XFEM based seismic potential failure mode analysis of concrete gravity dam–water–foundation systems through incremental dynamic analysis

Abstract

As revealed by the structural damage of concrete dams (e.g. Hsinfengkiang, Koyna, Sefid-Rud) arising in recent earthquakes, cracking damage would probably occur inside concrete dams when subjected to strong ground motions. This phenomenon is caused by the low tensile resistance of concrete. Research on the cracking damage process and failure modes of concrete gravity dams subjected to strong earthquakes is crucial to a reasonable assessment of the seismic safety of dams. In this paper, the extended finite element method (XFEM) is presented to describe the crack propagation within concrete gravity dams subjected to earthquake loads. Moreover, the interaction between the impounded water and the dam–foundation system is explicitly taken into account by modeling the reservoir water with two-dimensional fluid finite elements in the Lagrangian formulation.
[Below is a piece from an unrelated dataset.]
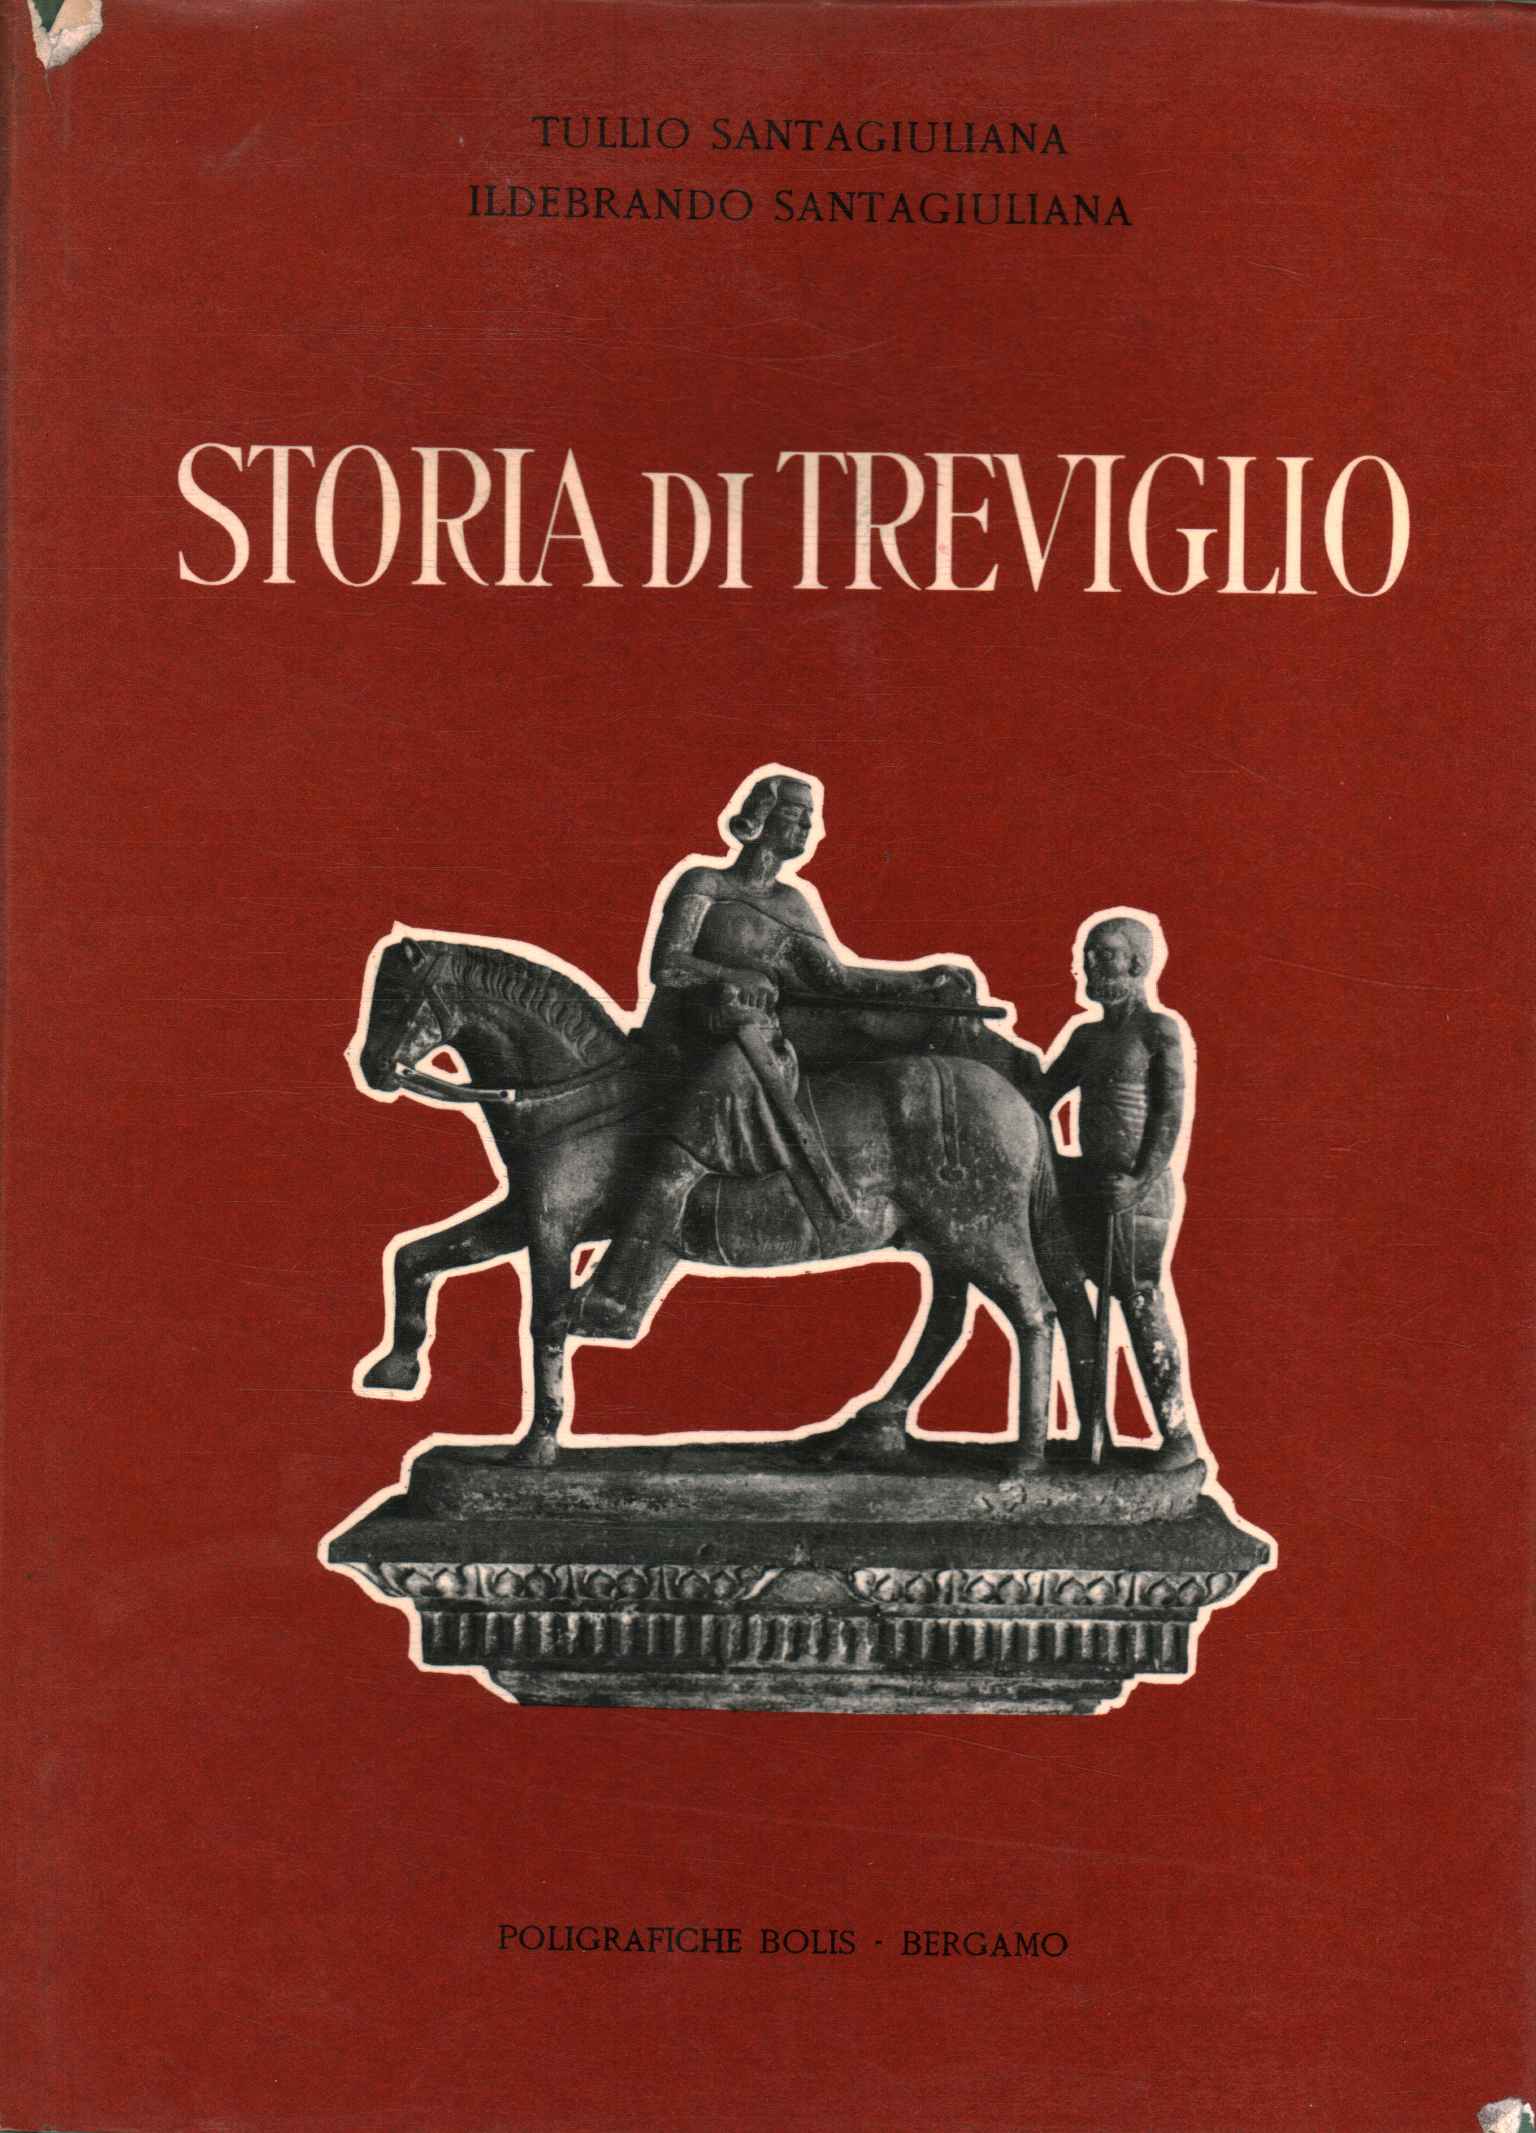 History of Treviglio
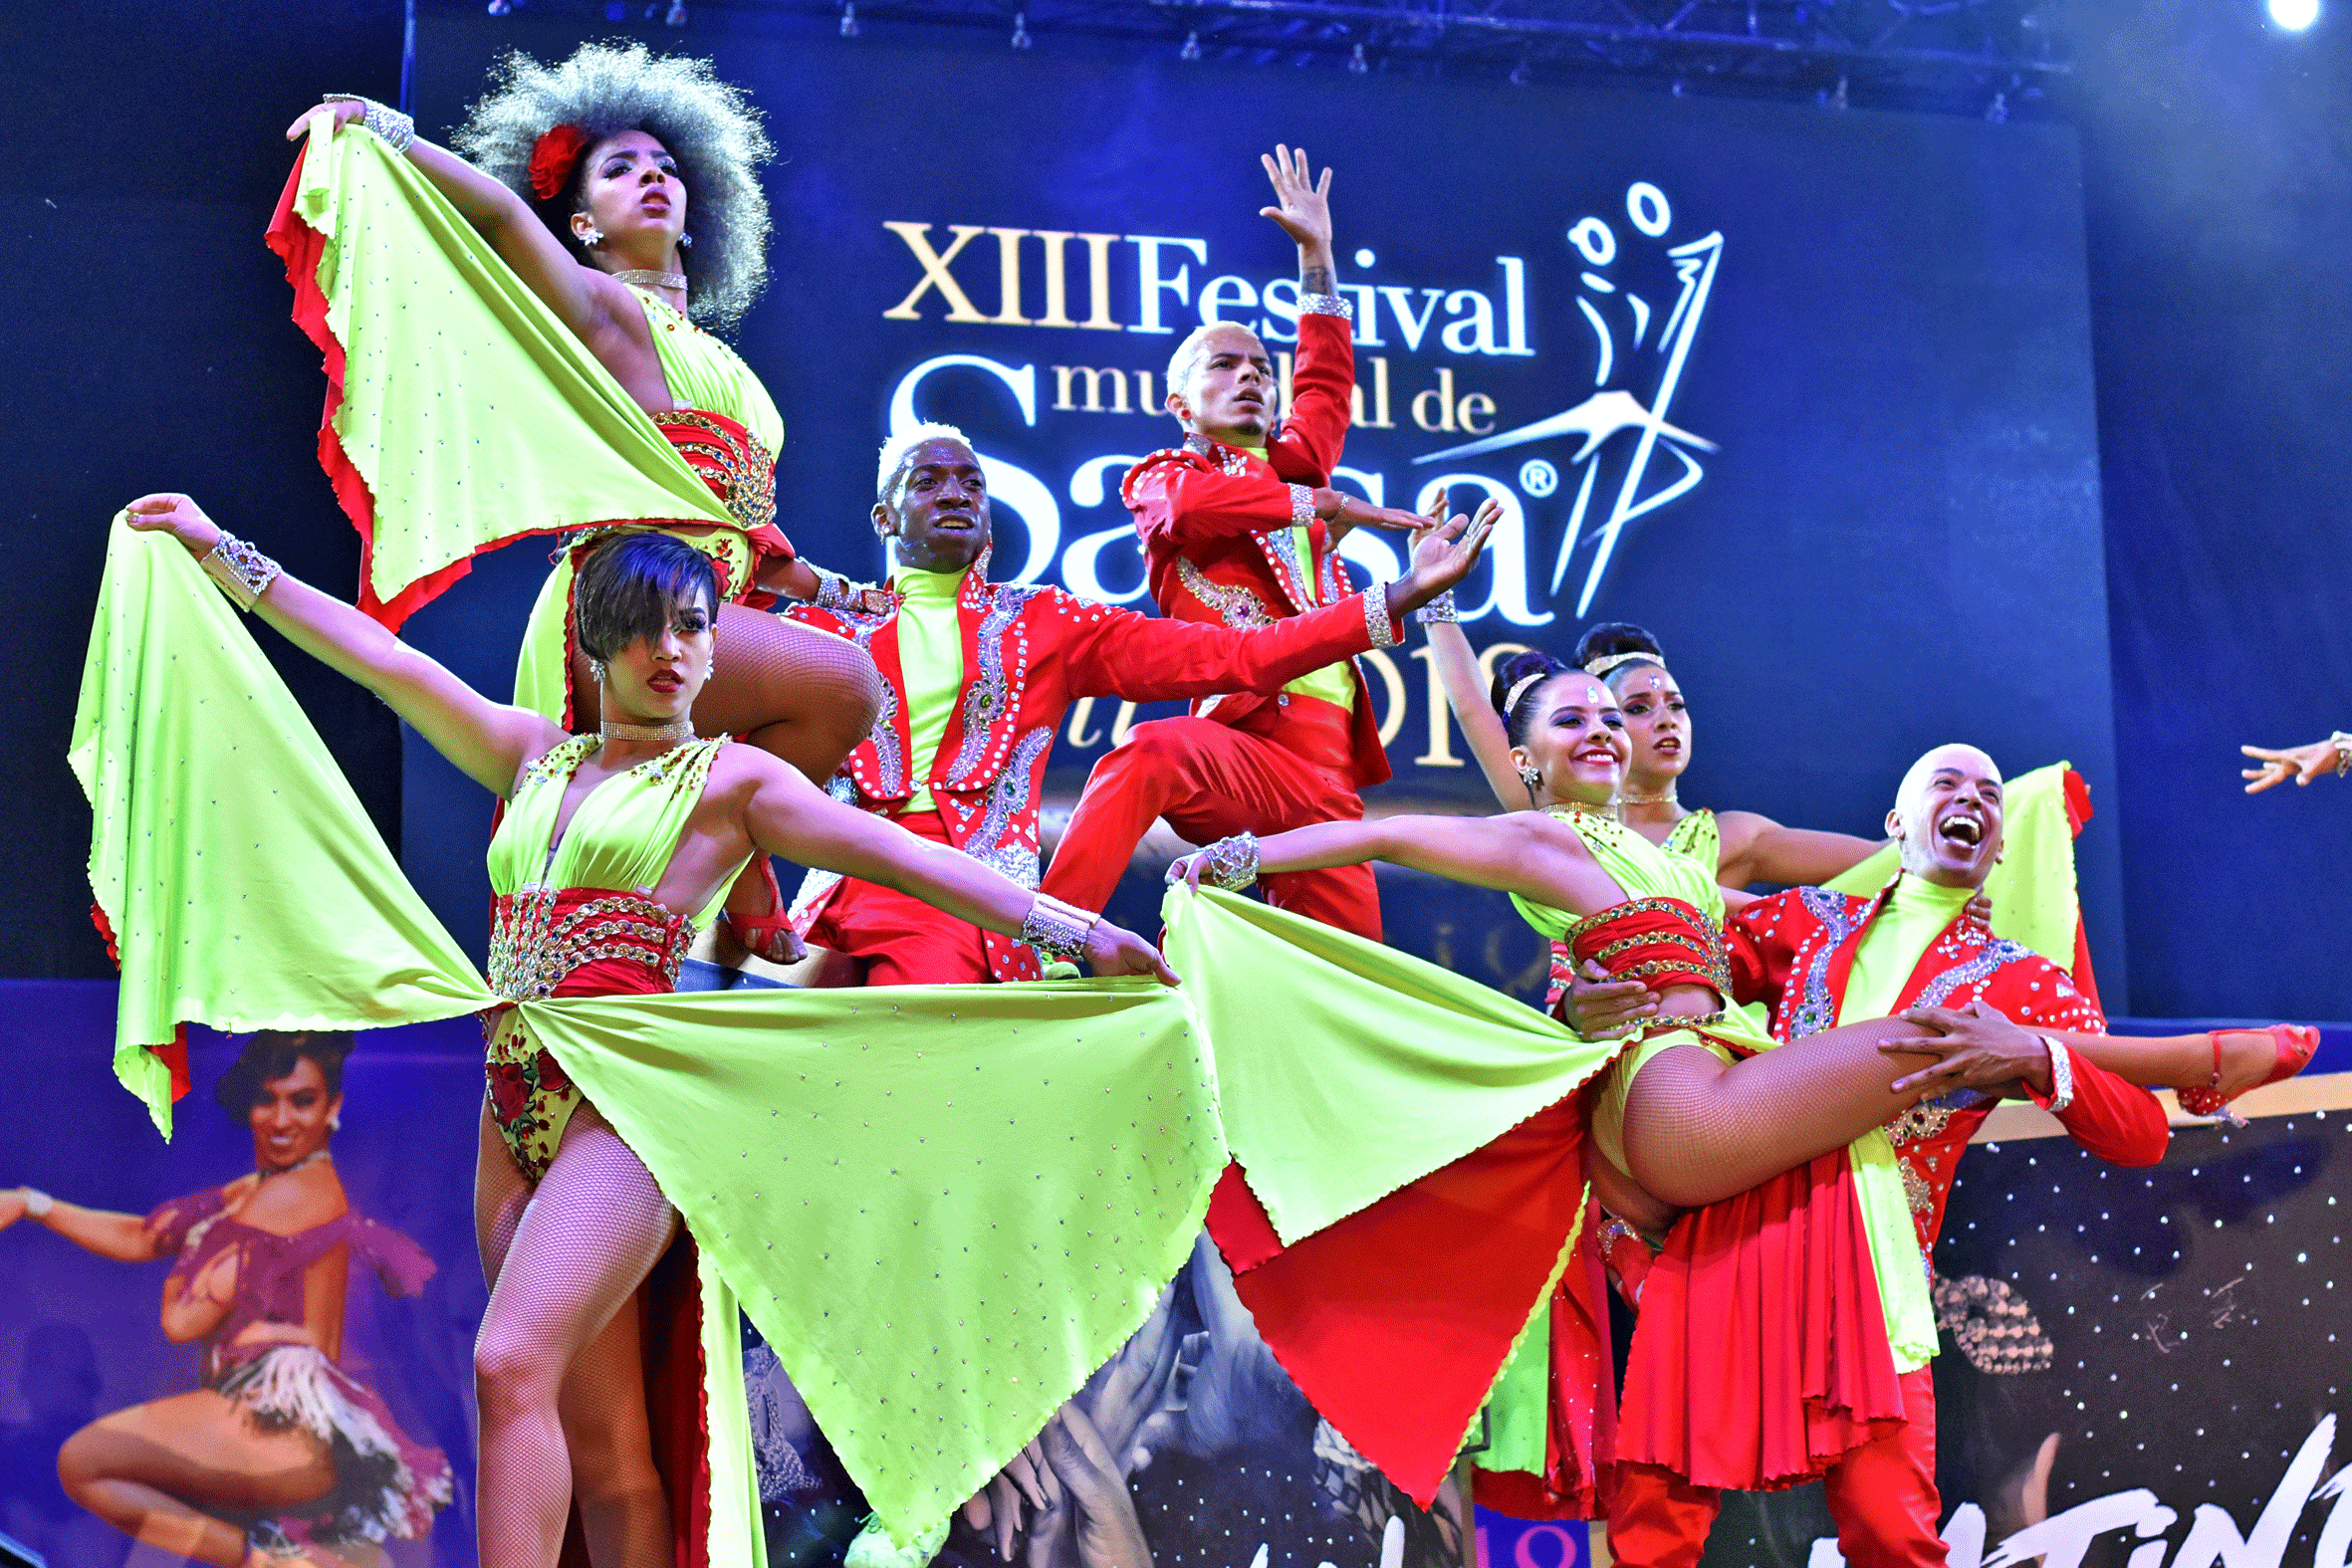 ¡El XIII Festival Mundial de Salsa ya tiene sus ganadores 2018!

In order to validate the proposed algorithm, seismic crack analysis is performed to investigate the failure modes of the Koyna dam–reservoir–foundation system under the 1967 Koyna earthquake. It shows that the cracking damage profile obtained from the proposed XFEM framework agrees well with that reported in the literature. With the validated algorithm, we further apply it to study the potential failure modes of the Guandi concrete gravity dam. Seismic cracking response of concrete gravity dams considering the effects of the dam–reservoir–foundation interaction is obtained through the incremental dynamic analysis (IDA) based XFEM. 40 as-recorded accelerograms with each scaled to 8 increasing intensity levels are selected in this study. Based on the 320 numerical simulation results, typical failure processes and five potential failure modes of concrete gravity dams under the selected database of strong earthquake ground motions are presented.